* TASK ITEM *
All lines below between the line with "Conte says he" and the line with "Sabrina Bragg was", including both, must be copied exactly, and the pictures must be omitted.

* THE INPUT *

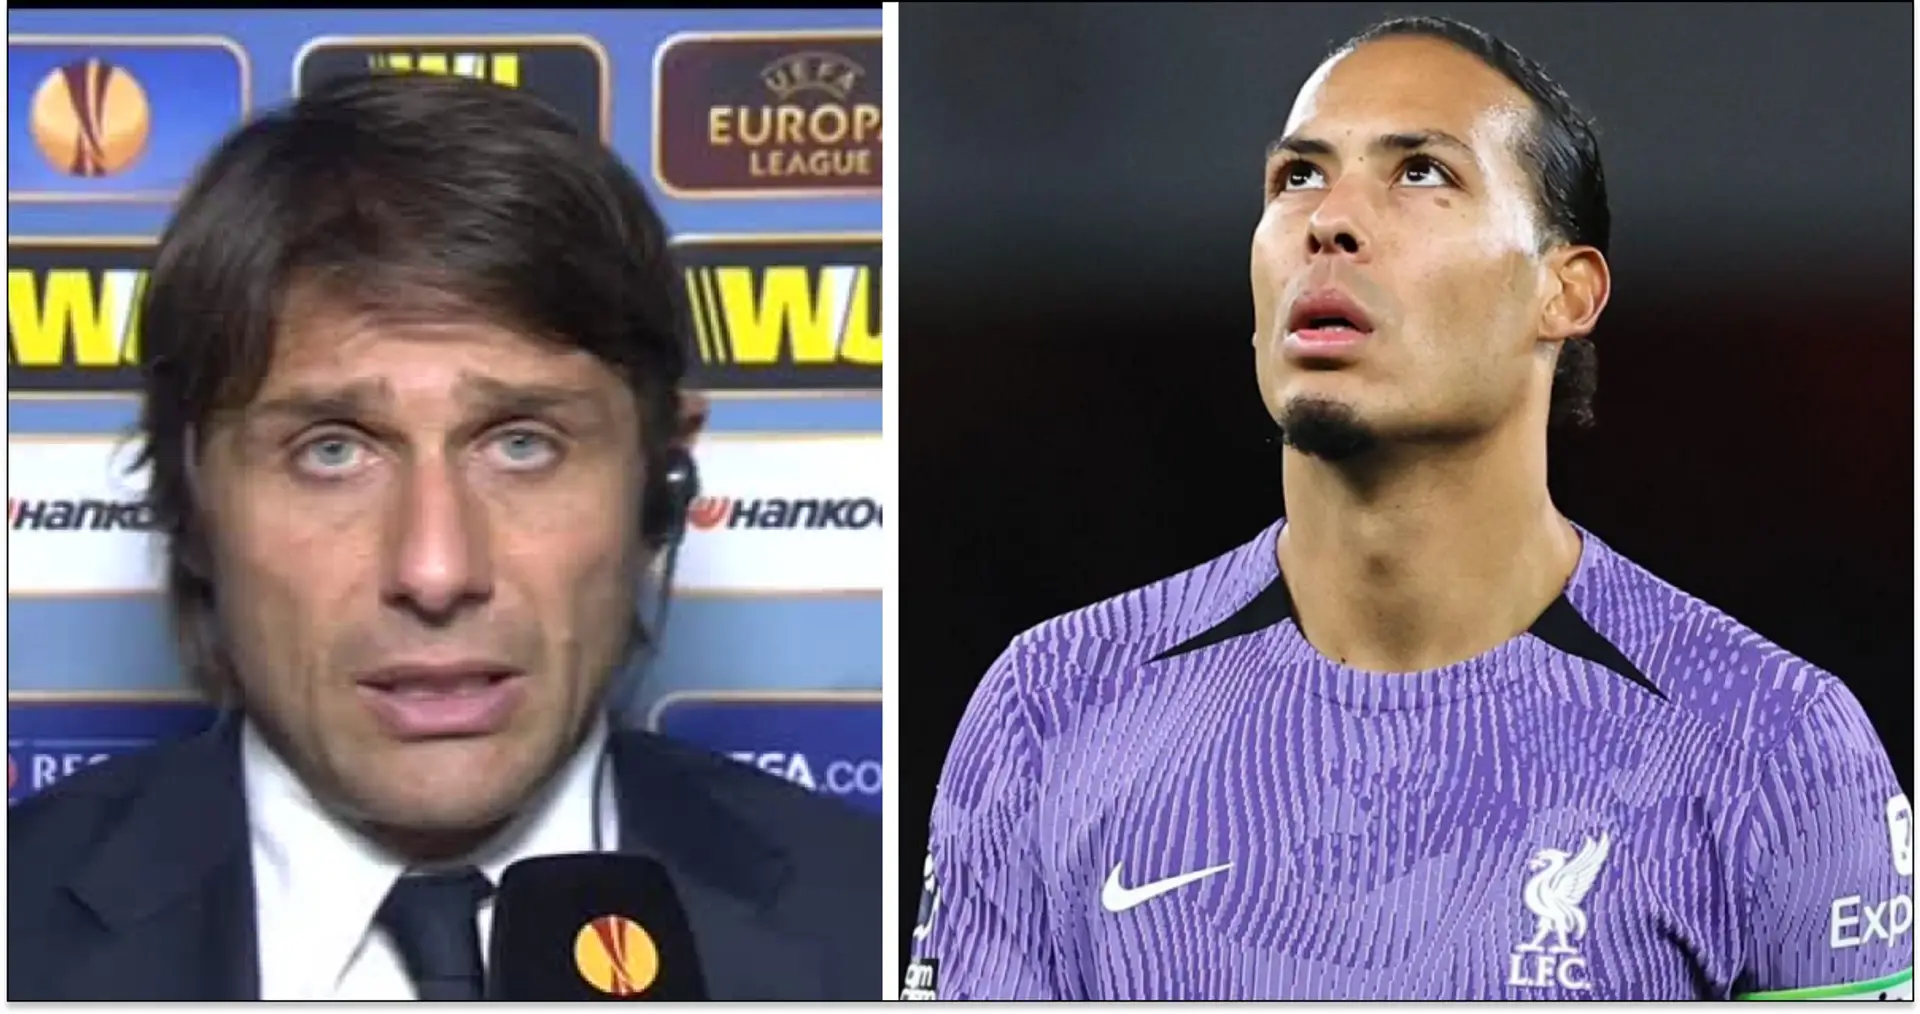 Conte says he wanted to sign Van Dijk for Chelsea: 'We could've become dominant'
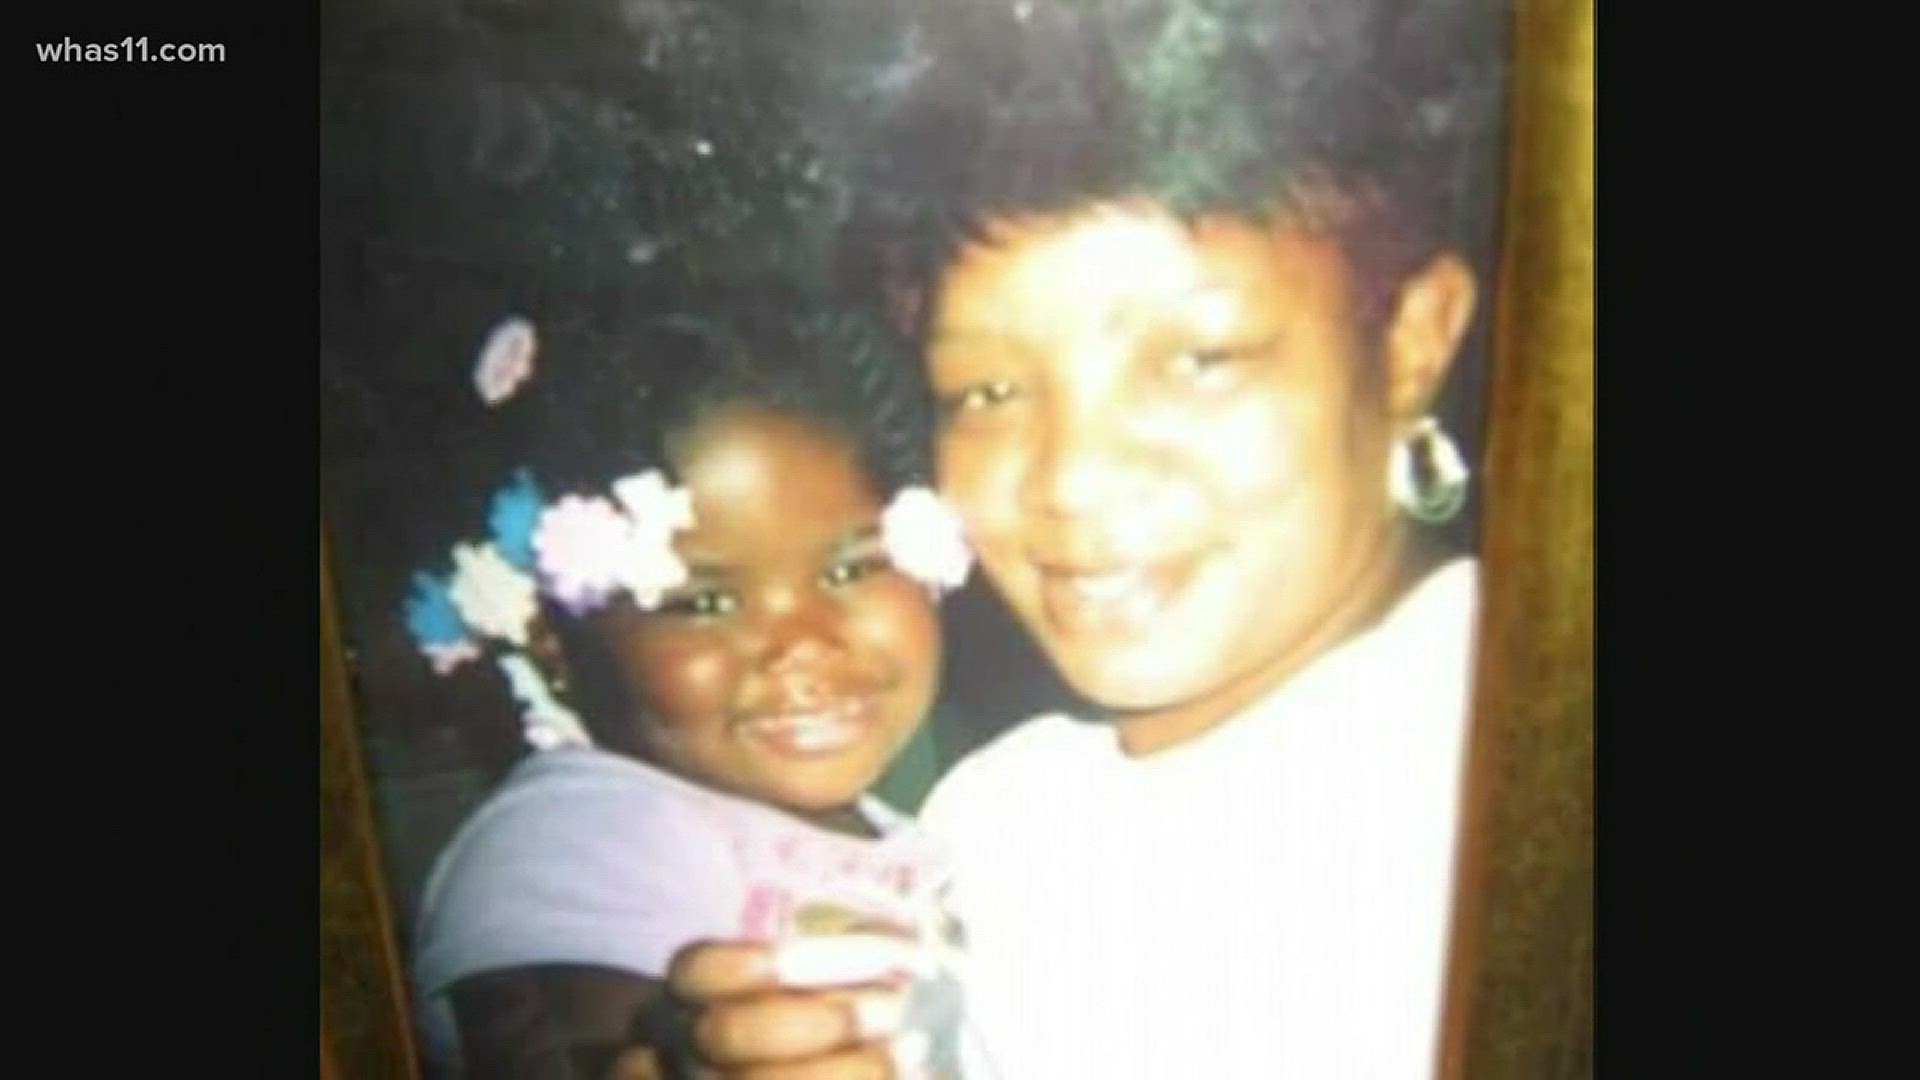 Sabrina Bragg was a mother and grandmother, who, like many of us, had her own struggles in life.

...

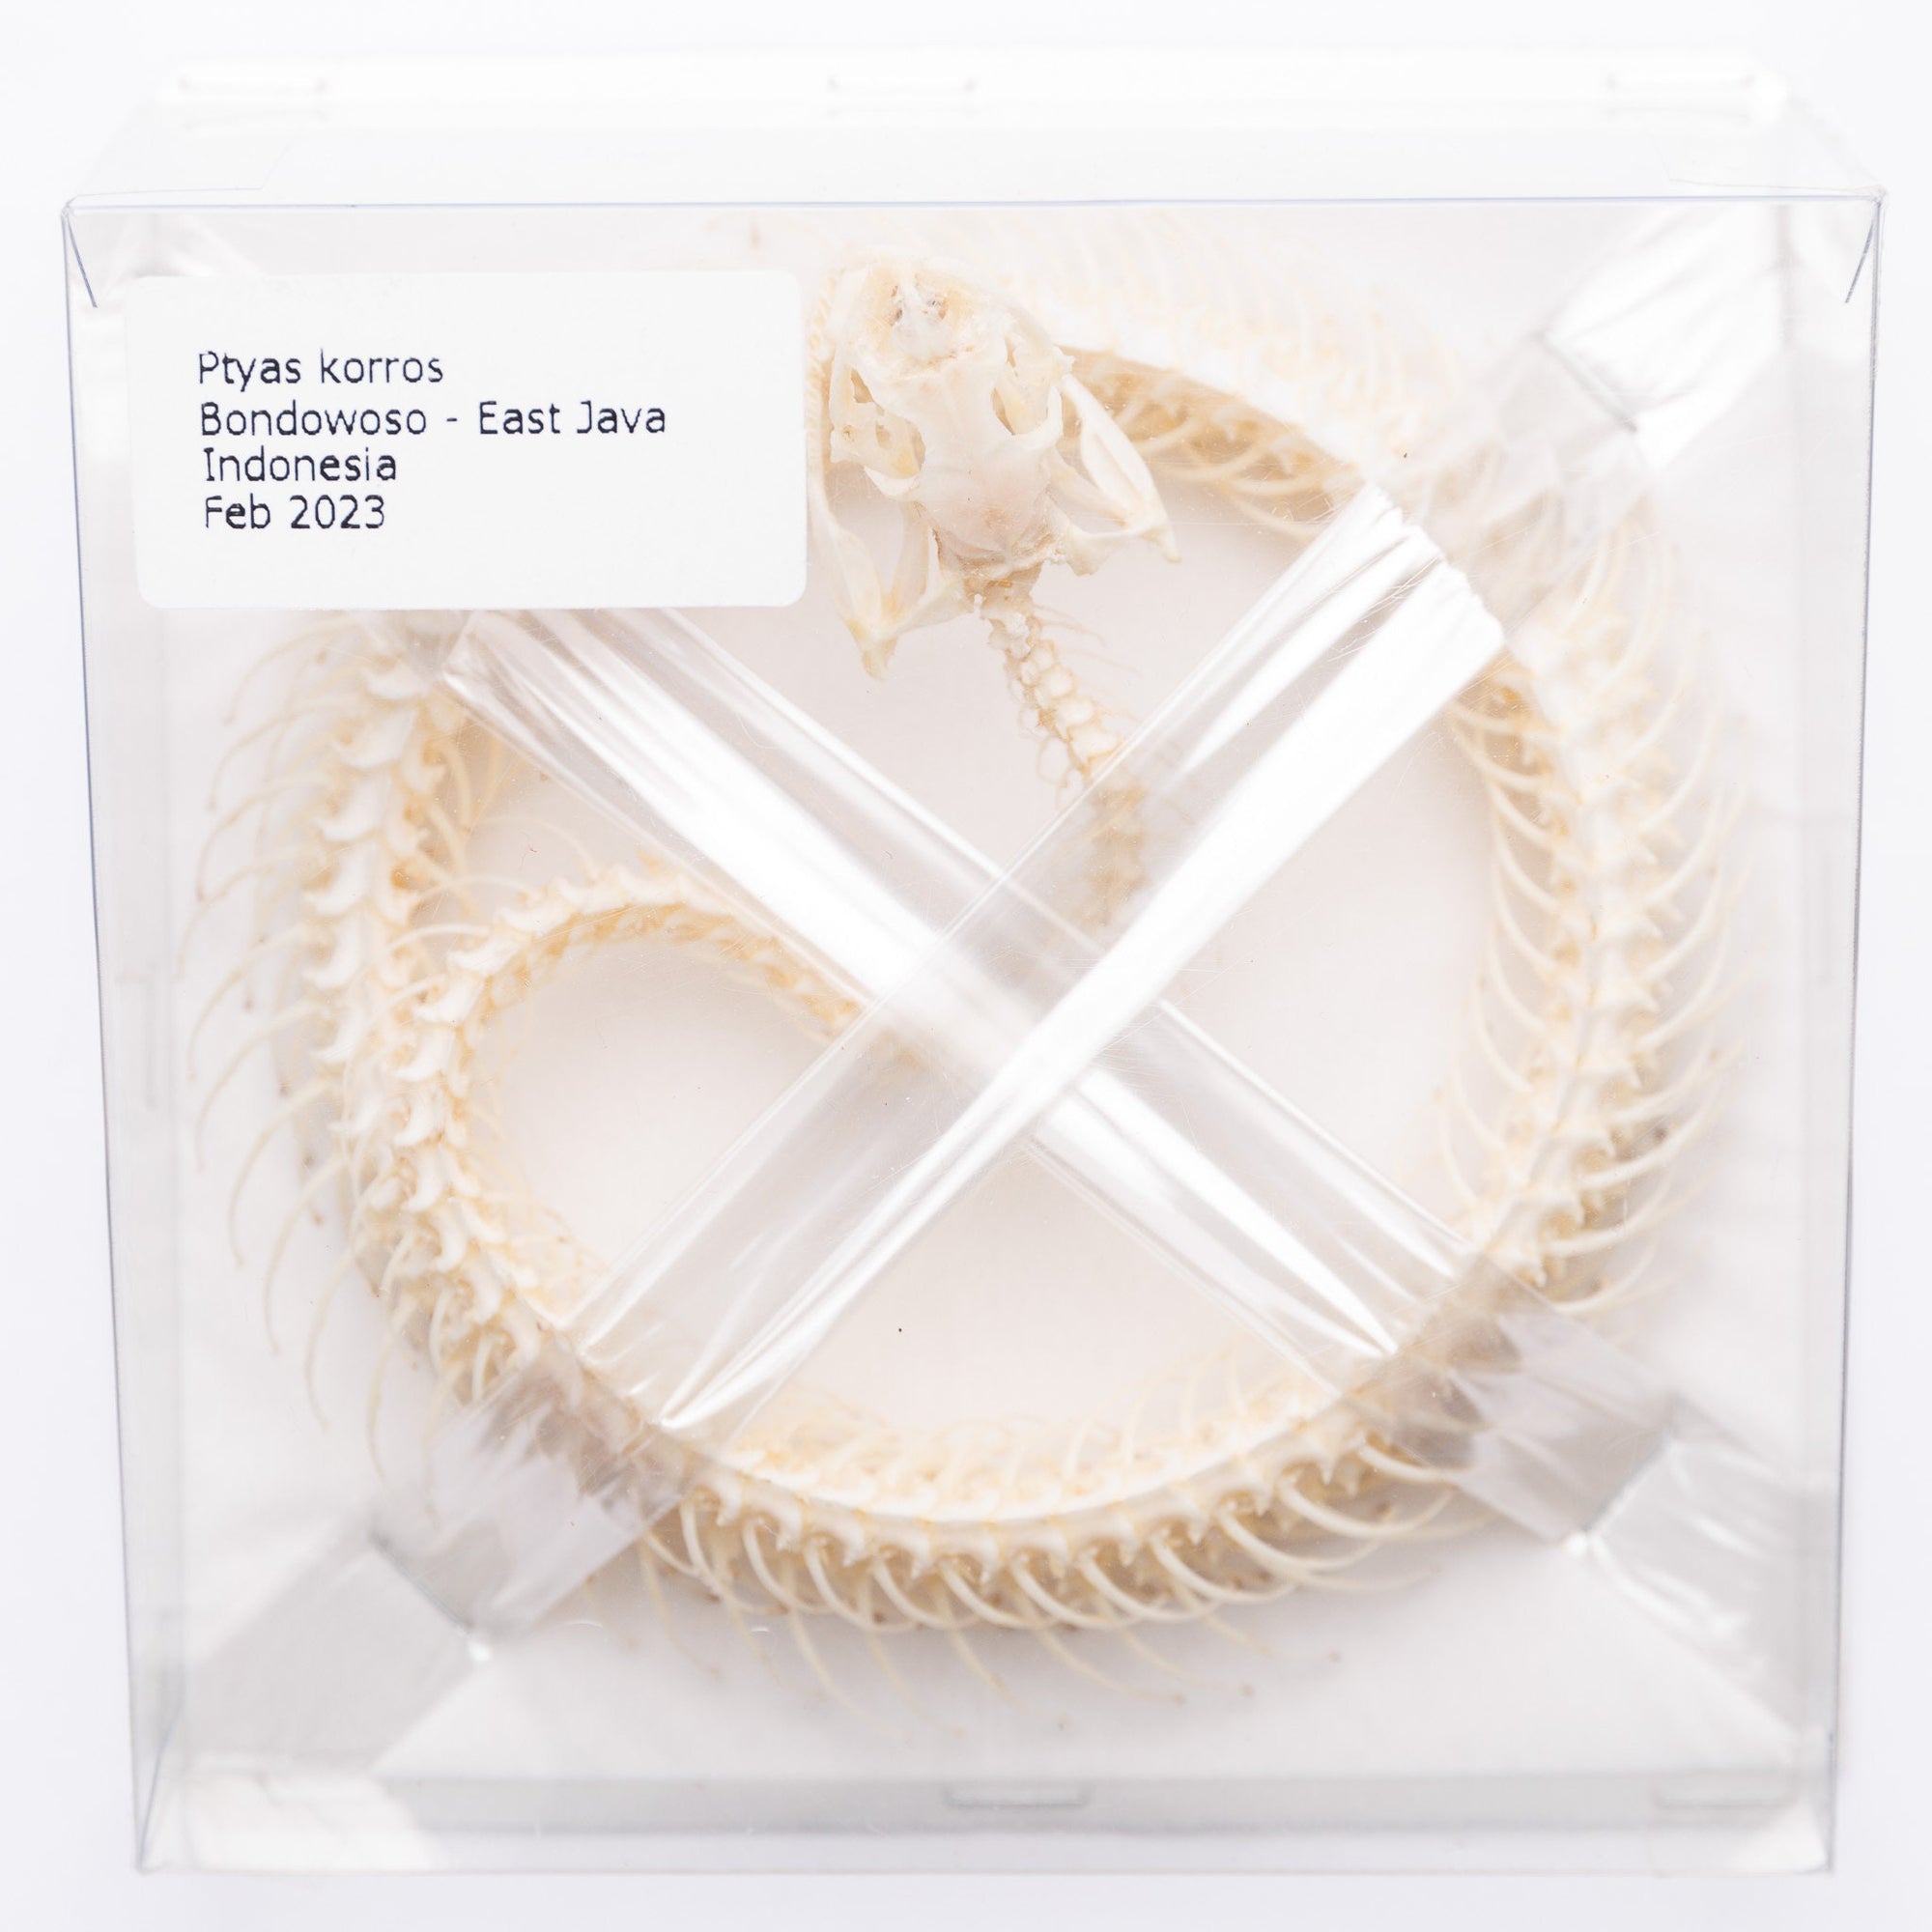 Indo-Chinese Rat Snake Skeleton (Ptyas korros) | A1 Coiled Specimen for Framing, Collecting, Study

* RESPONSE BOX *
 Conte says he wanted to sign Van Dijk for Chelsea: 'We could've become dominant'
 Sabrina Bragg was a mother and grandmother, who, like many of us, had her own struggles in life.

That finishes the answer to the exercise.